**WHAT THE TASK REQUIRES:**
What is needed is a word-for-word copy of every record below, minus the pictures.

########

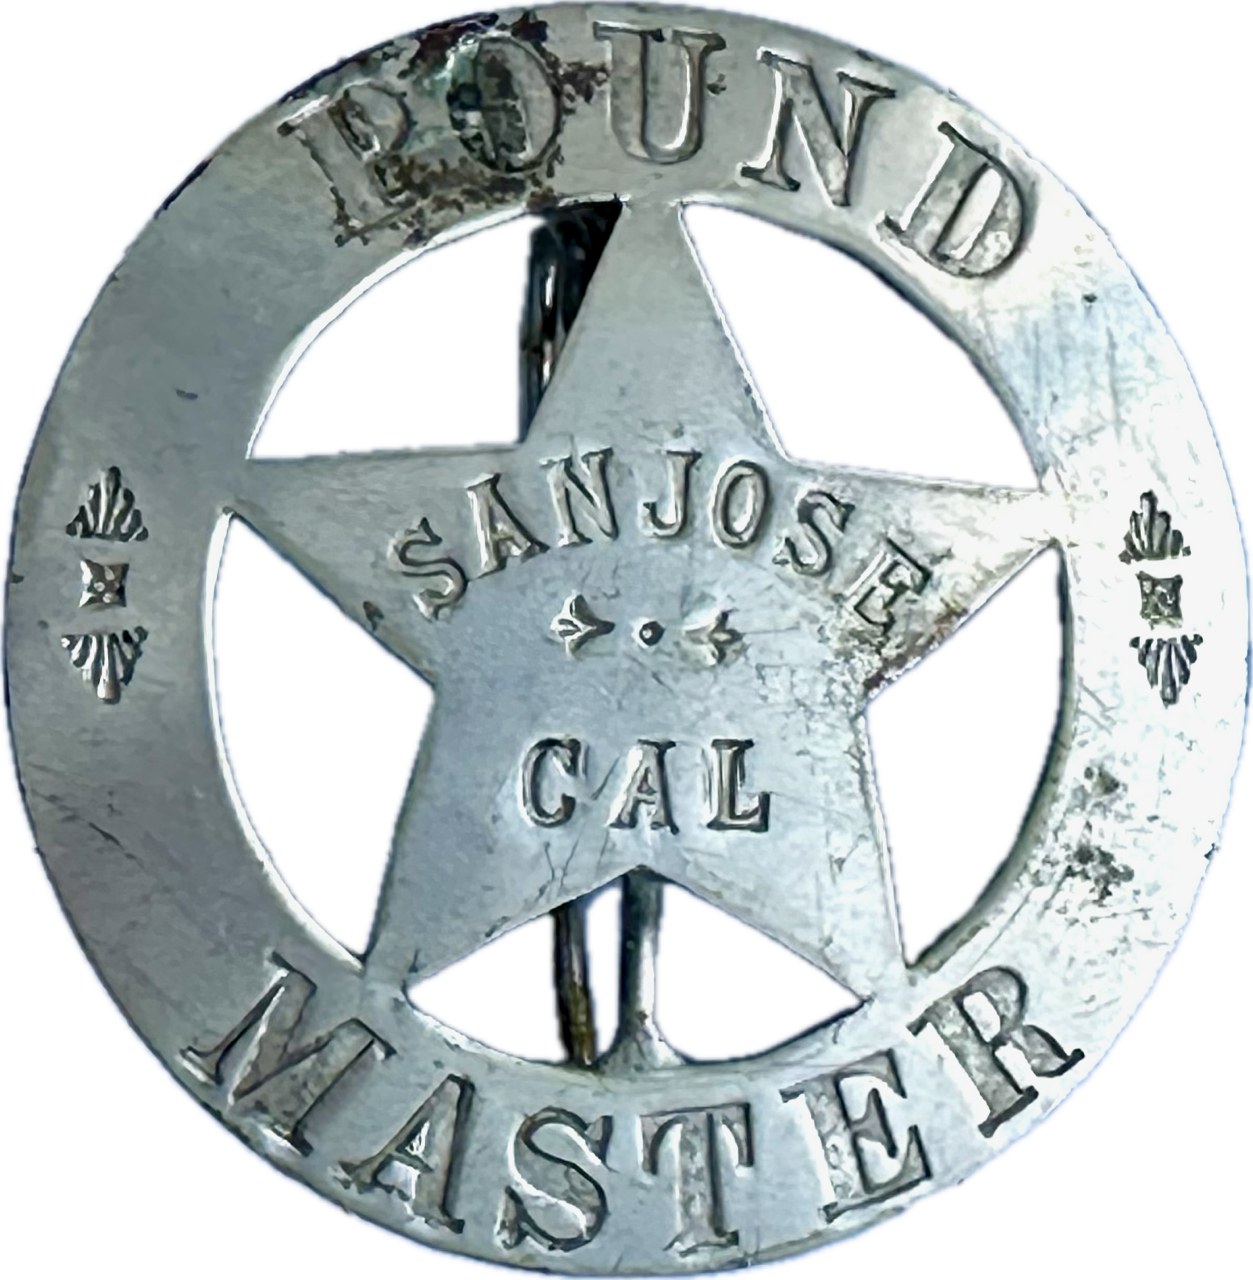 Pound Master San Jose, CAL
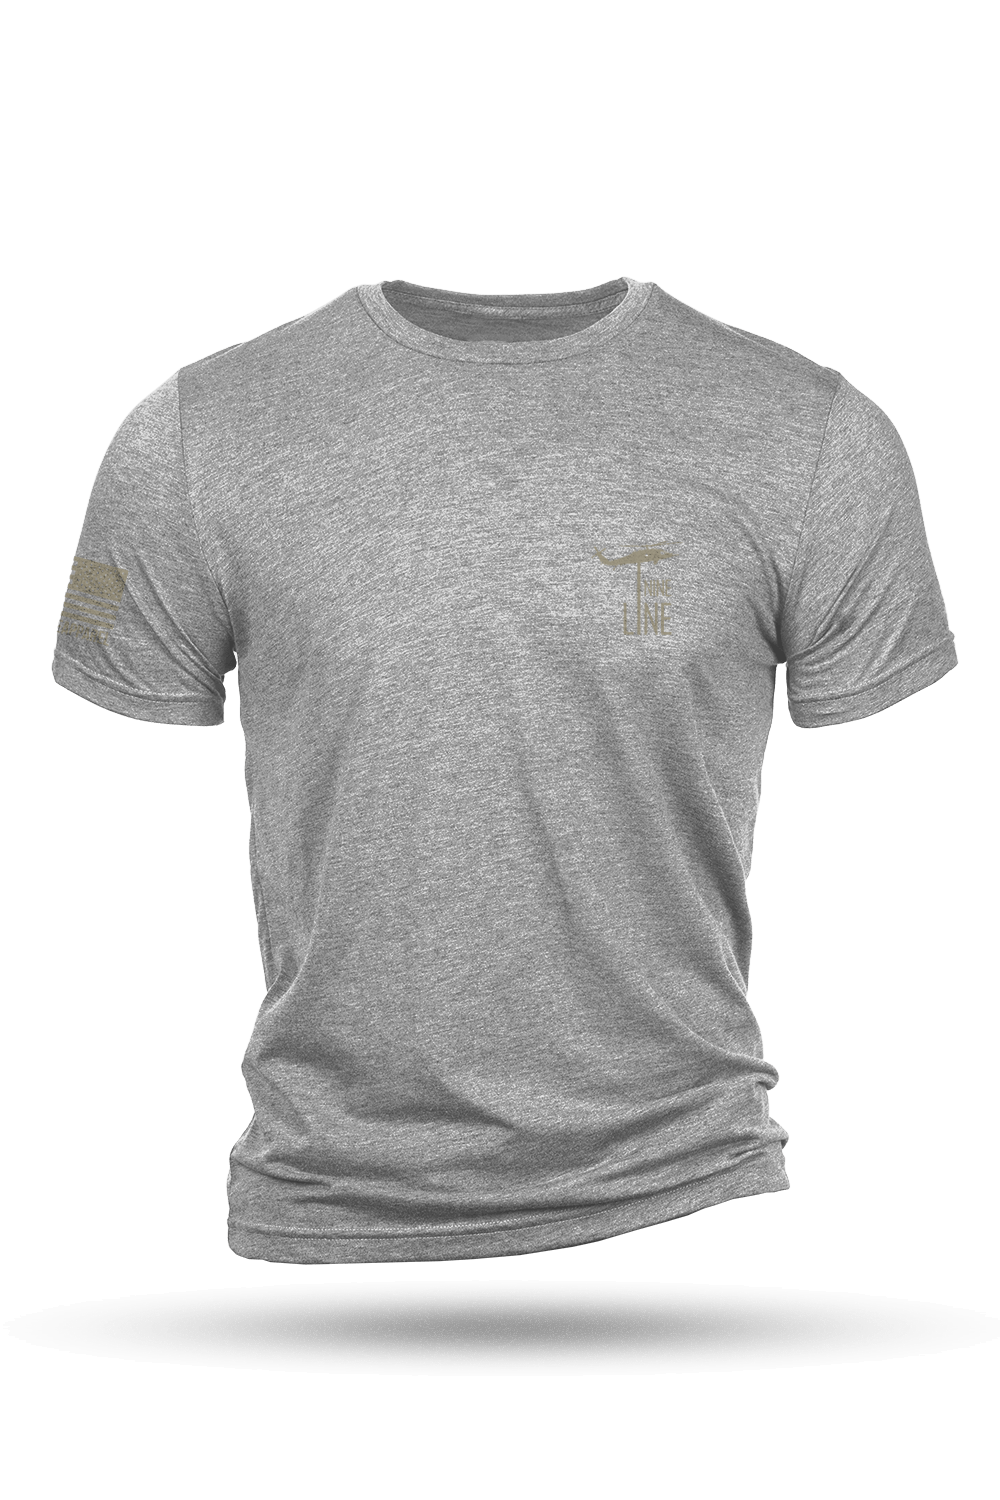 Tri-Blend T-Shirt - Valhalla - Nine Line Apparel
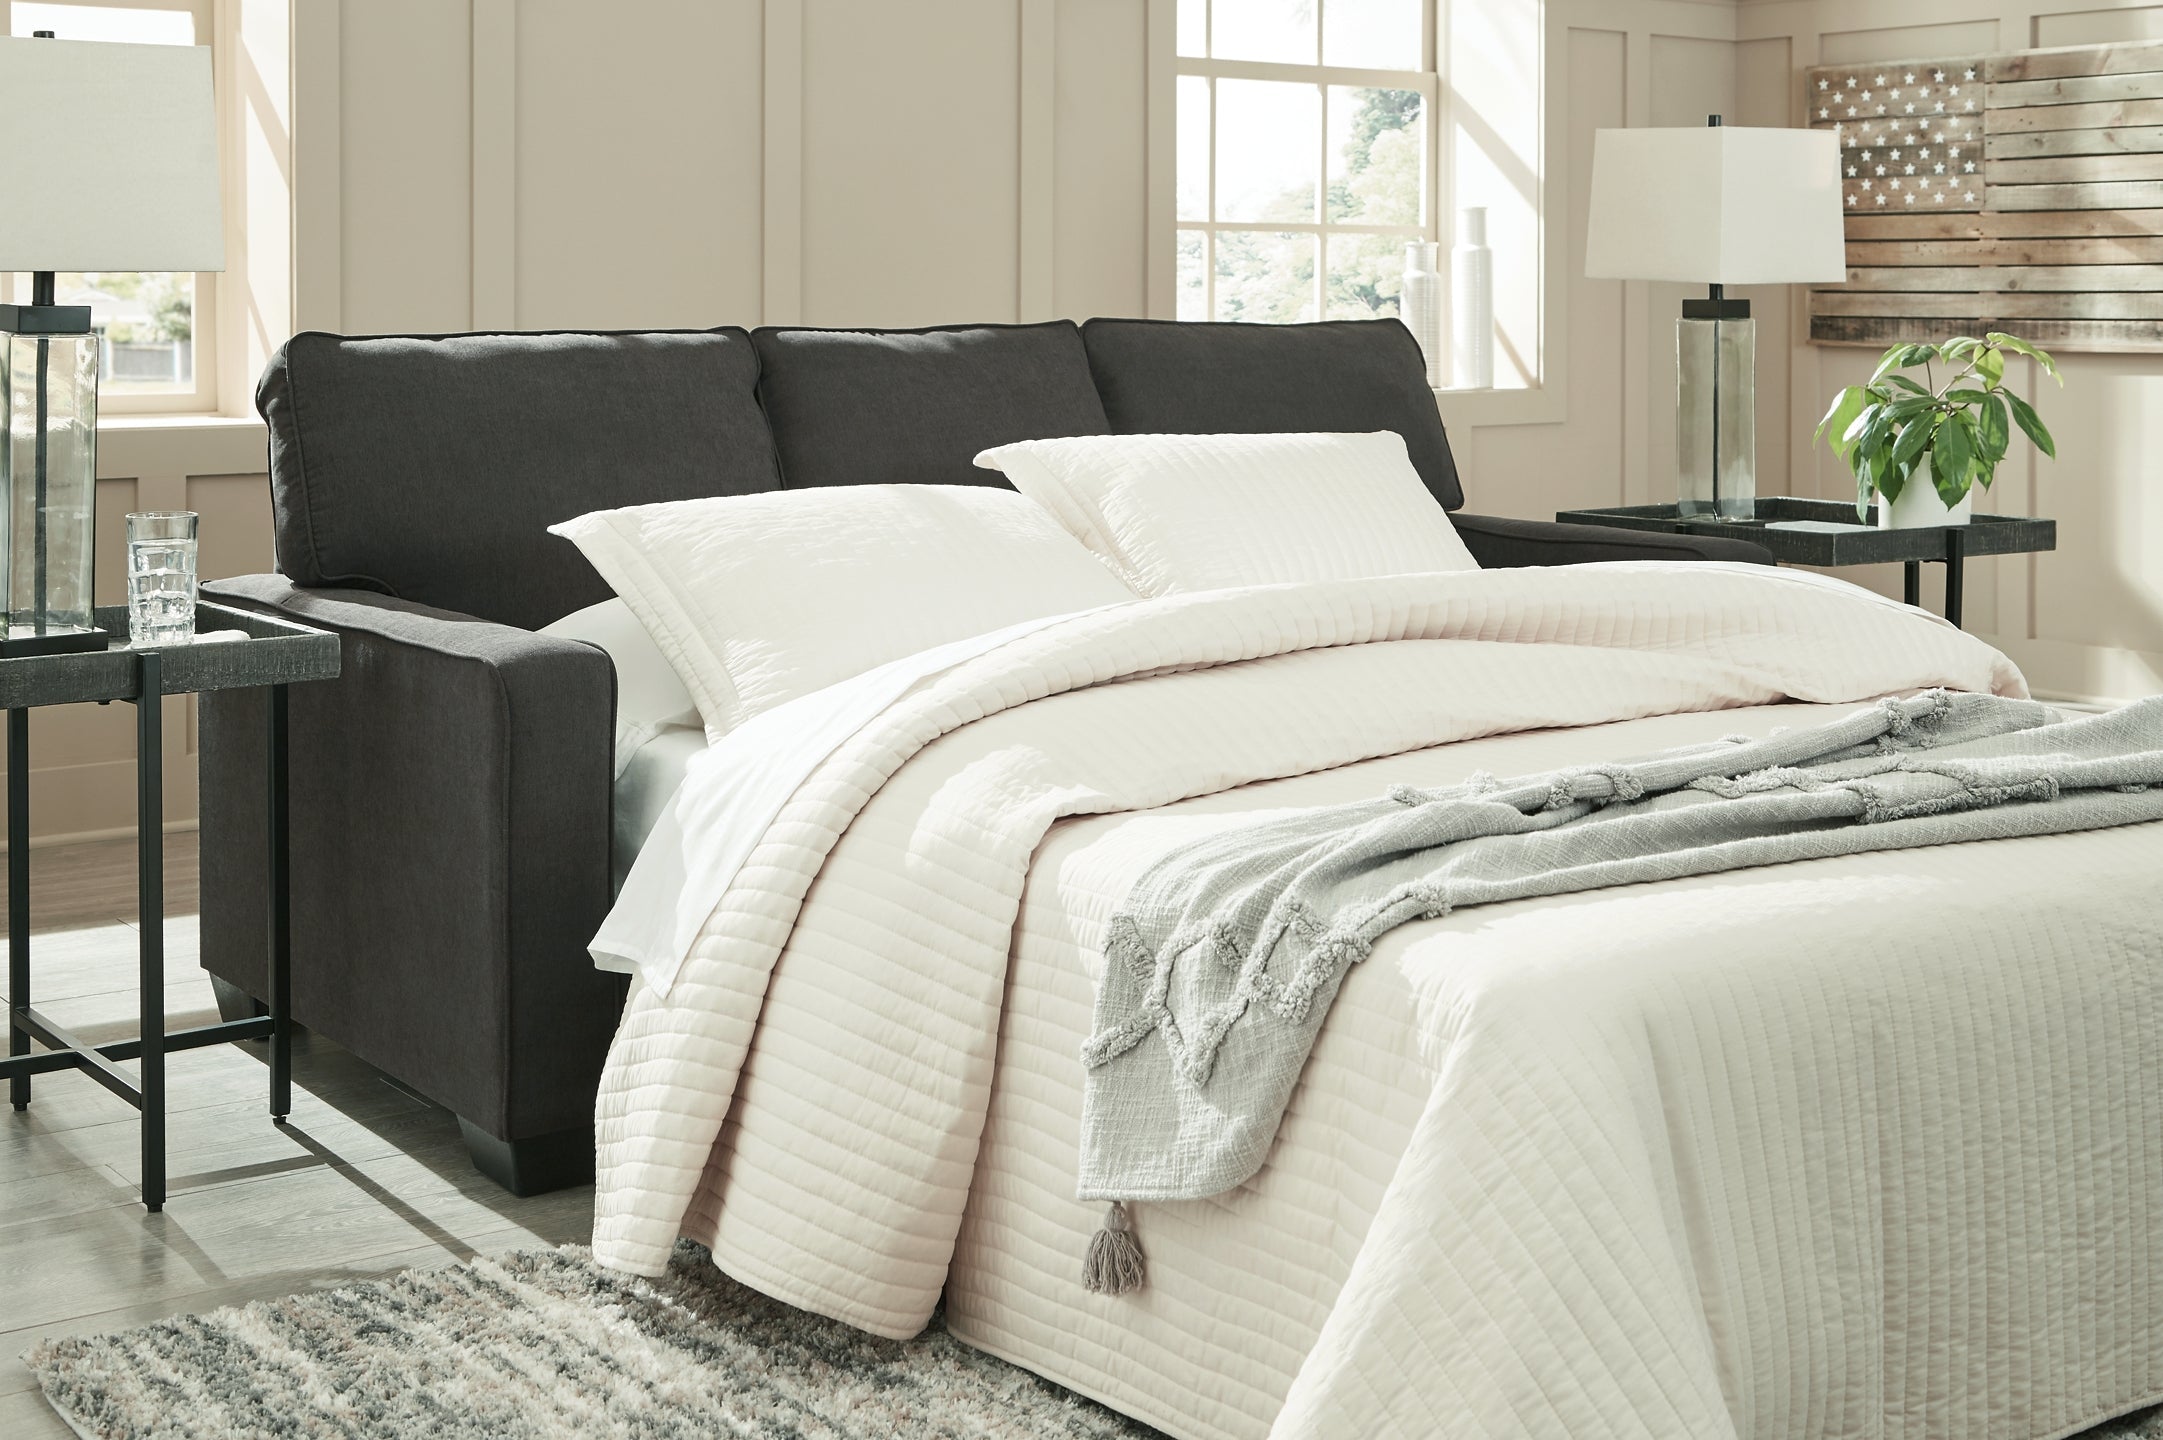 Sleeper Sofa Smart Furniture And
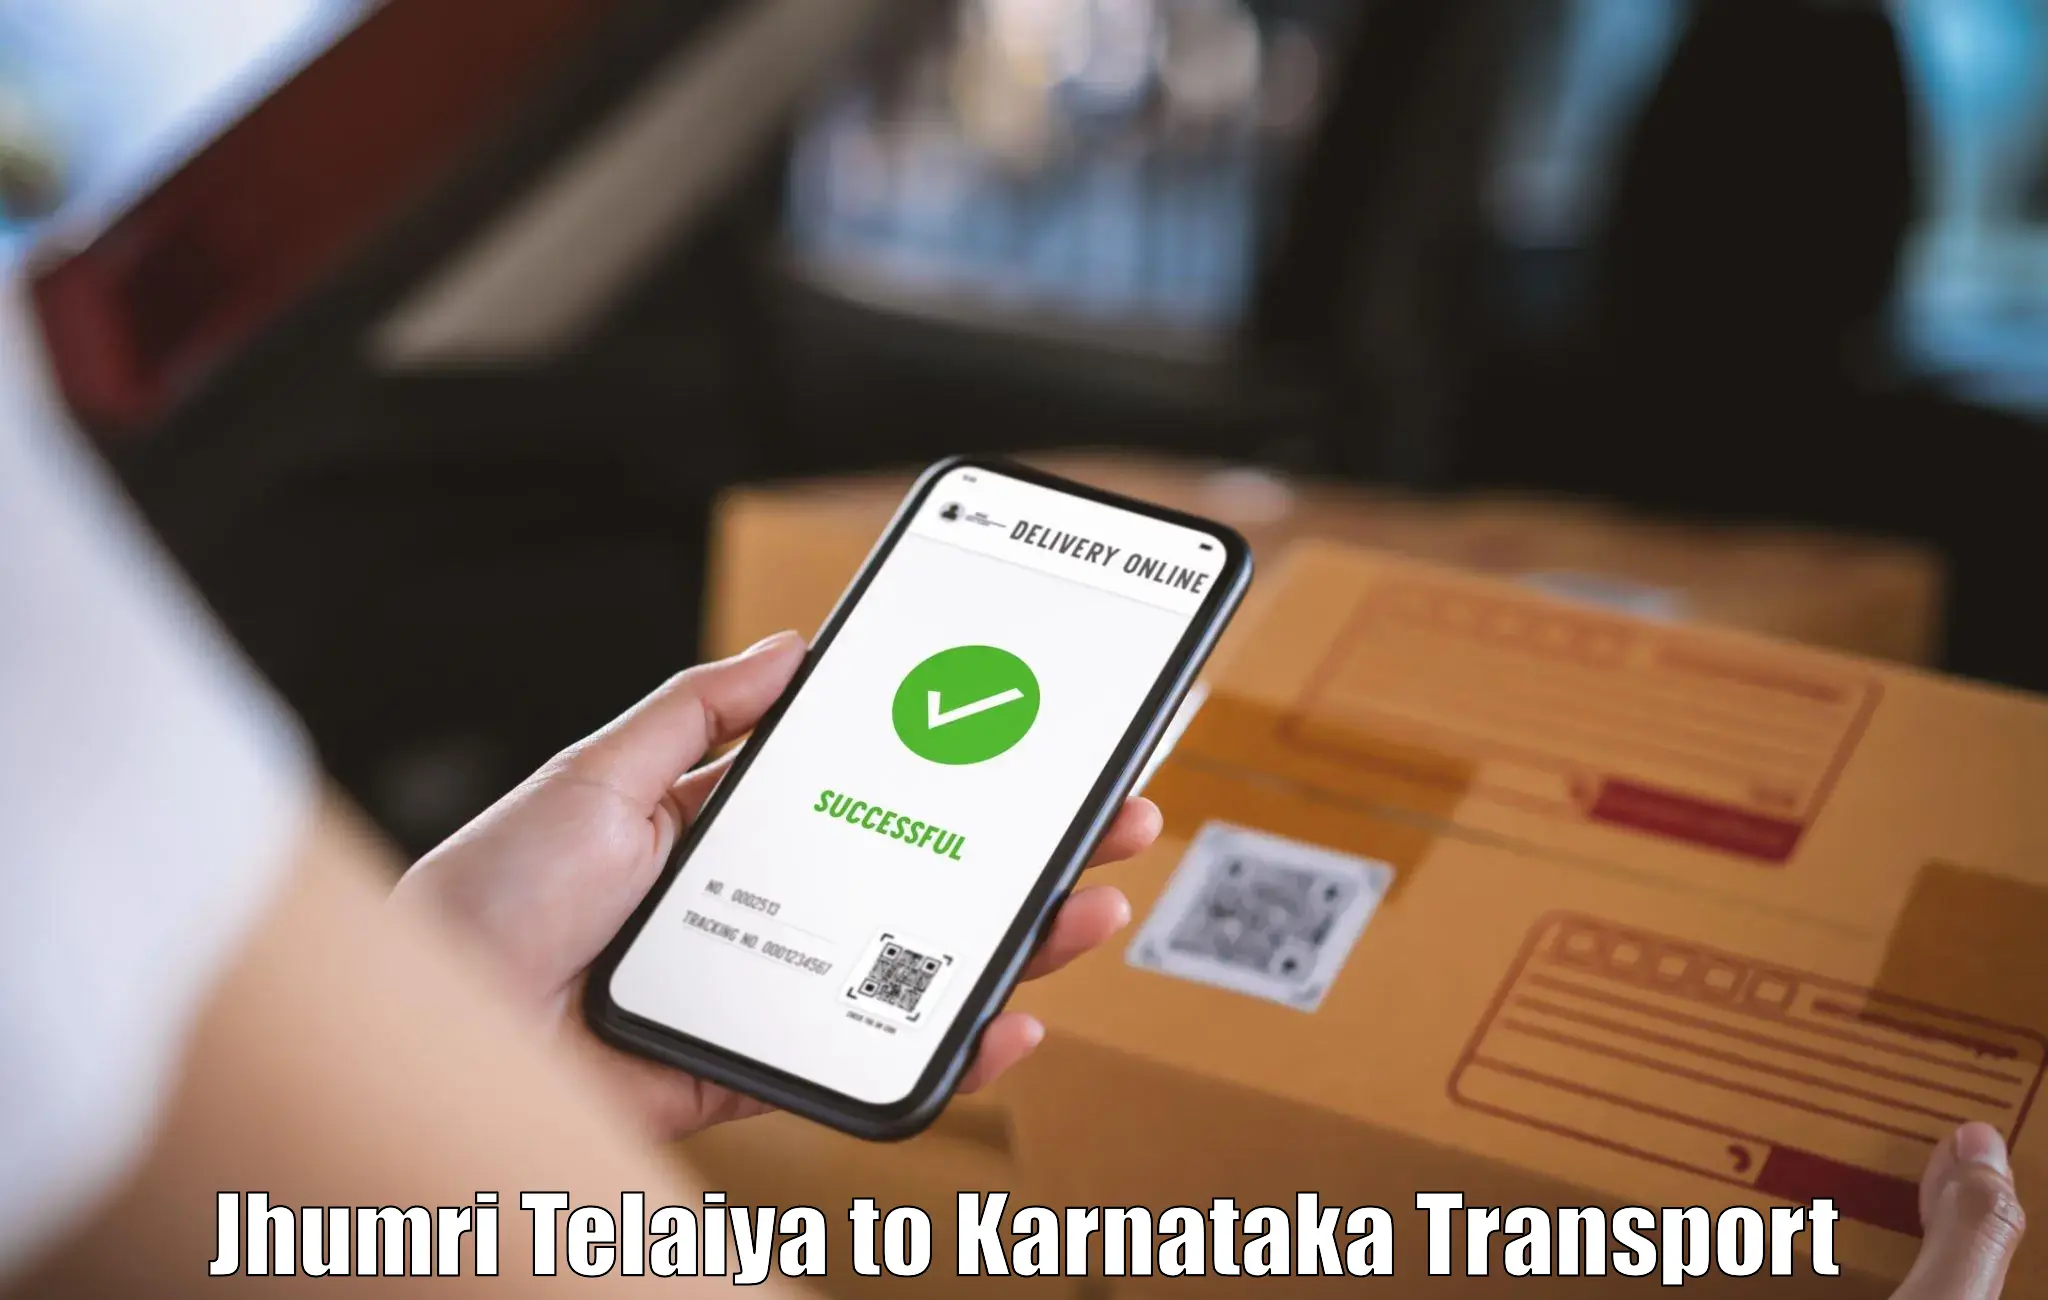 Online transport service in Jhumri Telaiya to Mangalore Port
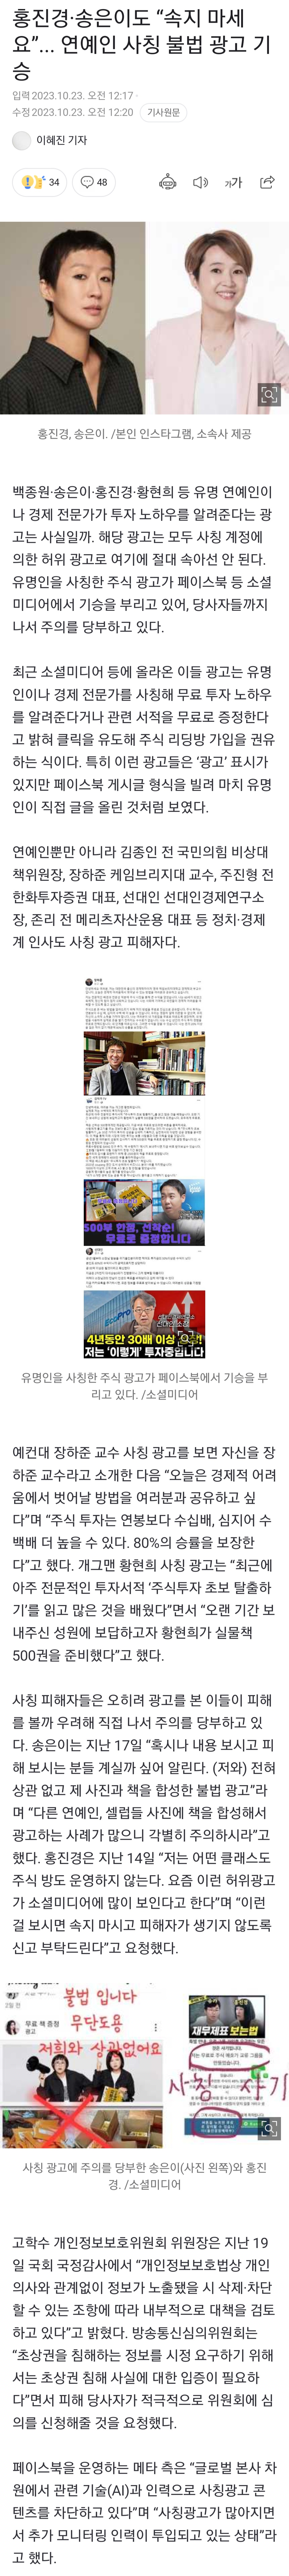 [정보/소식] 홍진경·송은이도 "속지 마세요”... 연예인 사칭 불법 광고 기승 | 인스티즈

########

**OUTPUT:**
 Pound Master San Jose, CAL
 Tri-Blend T-Shirt - Valhalla - Nine Line Apparel
 Sleeper Sofa Smart Furniture And
 Online transport service in Jhumri Telaiya to Mangalore Port
 [정보/소식] 홍진경·송은이도 "속지 마세요”... 연예인 사칭 불법 광고 기승 | 인스티즈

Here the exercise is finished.